162 photographs. 73 cities. 24 countries. 10,000 plus installations. 6.5 billion impressions.
The numbers are staggering.
I learned on Wednesday evening that Apple’s #ShotoniPhone6 campaign won first prize at the Cannes Lions (Oscars for advertising) for their advertising company – Media Arts Lab . When presenting the award the Creative Director of DDB Worldwide, John Bailey, described the campaign as a game changer. It appears that once again Apple are ahead of the field and their idea to showcase the iPhone photographs of their users will probably result in competitors trying to emulate this.
Here is the promotional video Apple submitted:
Apple selected a total of 162 photographs from the millions of images shot on iPhone 6, scouring through the online photo sharing platforms of Flickr, Instagram and Facebook. The task in narrowing these down to 162 is mind boggling. The resulting pool of selected images were chosen to showcase the quality of the iPhone’s camera. Well-known photographers like Austin Mann and Paul Octavius were approached to submit images, but most photographers were, like me, unknowns.
In their approach, it was not made clear until the launch how the images would be used. Apple’s plan was to create the world’s largest mobile photography exhibition ever staged. (Has there actually been a larger photography exhibition?) On billboards and posters in all major world cities shot on iPhone 6 images began to appear; huge, dramatic photographs dominating urban landscapes. These locations were hand-picked for each image. The campaign, still in progress, is a rolling one. Shots have rotated from location to location in the four months it has been running. The estimation is that the images have been seen 6.5 billion times. Let that figure sink in. 6.5 billion times. What is the earth’s population?
The scale of this is enormous. To be involved in this campaign has been the experience of a lifetime for me. To think a photograph I created in a park in Copenhagen on a cold and dull day in October 2014 with a then-new iPhone 6 would go from my camera roll to colossal billboards in cities all over the world is mind-blowing. To think that from the 162 images mine would be one of five to win individual awards – a Golden Lion – is just so incredible.
All of this is still going on.

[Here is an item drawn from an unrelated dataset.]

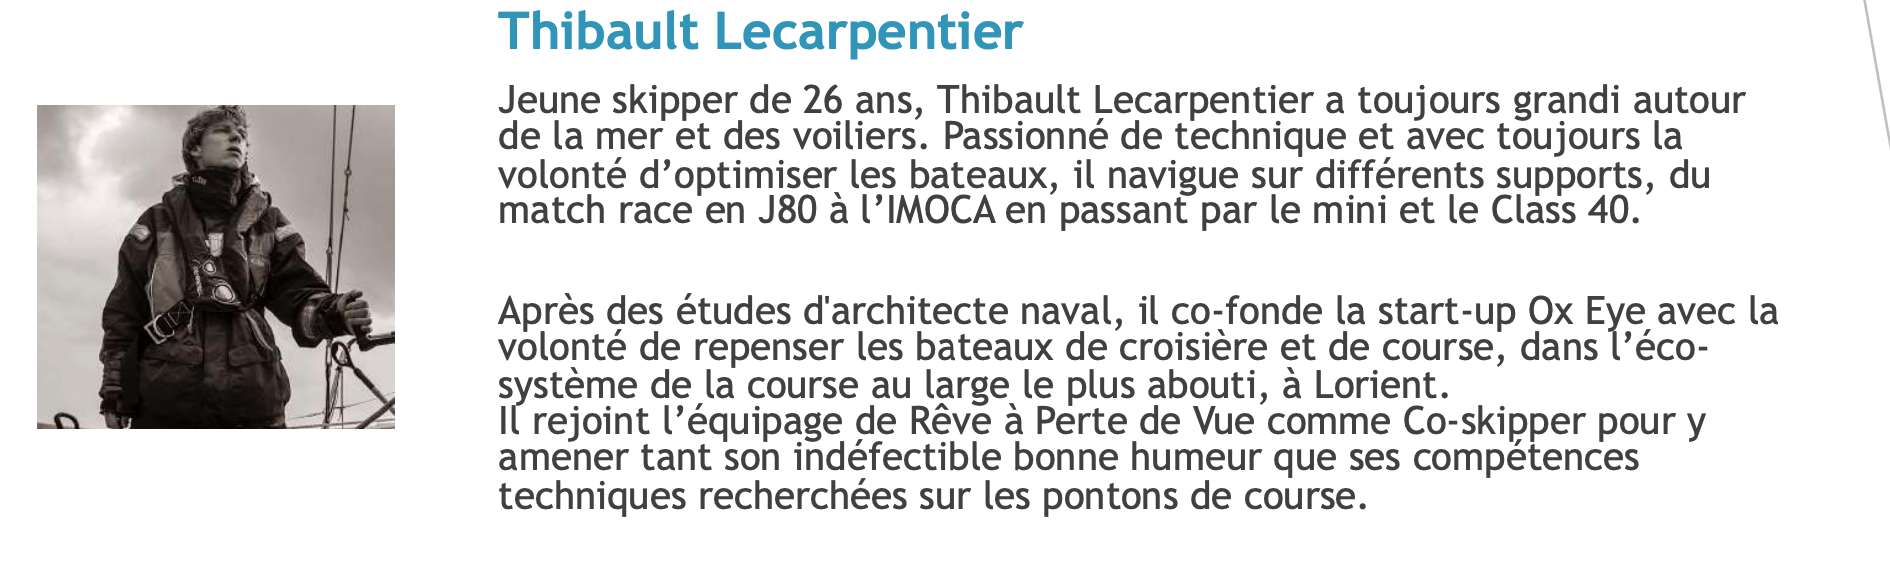 Jeune skipper de 26 ans, Thibault Lecarpentier a toujours grandi autour de la mer et des voiliers. Passionné de technique et avec toujours la volonté d’optimiser les bateaux, il navigue sur différents supports, du match race en J80 à l’IMOCA en passant par le mini et le Class 40.

I am still receiving emails and tweets from people I have never met sending me images of the shot from different locations or in print magazines. It is pretty surreal and I feel I won’t be able to fully process it and appreciate it until it has passed. Take last Tuesday morning. When I woke up and turned on my phone I had this notification from Bangalore, India:
Of the photographs people have sent me of the image on billboards, this is, I feel is one of the very best. V.H created a really artistic shot. But the thing is – how absolutely crazy it is to receive a notification like this. Something I created is being seen by people on the other side of the world and they search me out to send it to me. There is something beautiful about it, something that will stay with me for the rest of my life. I do realise how fortunate I am to be part of all this and I am grateful to Thomas Toft who brought me to that park in Copenhagen and to Apple for giving me the opportunity to showcase my work and make me love the iPhone even more.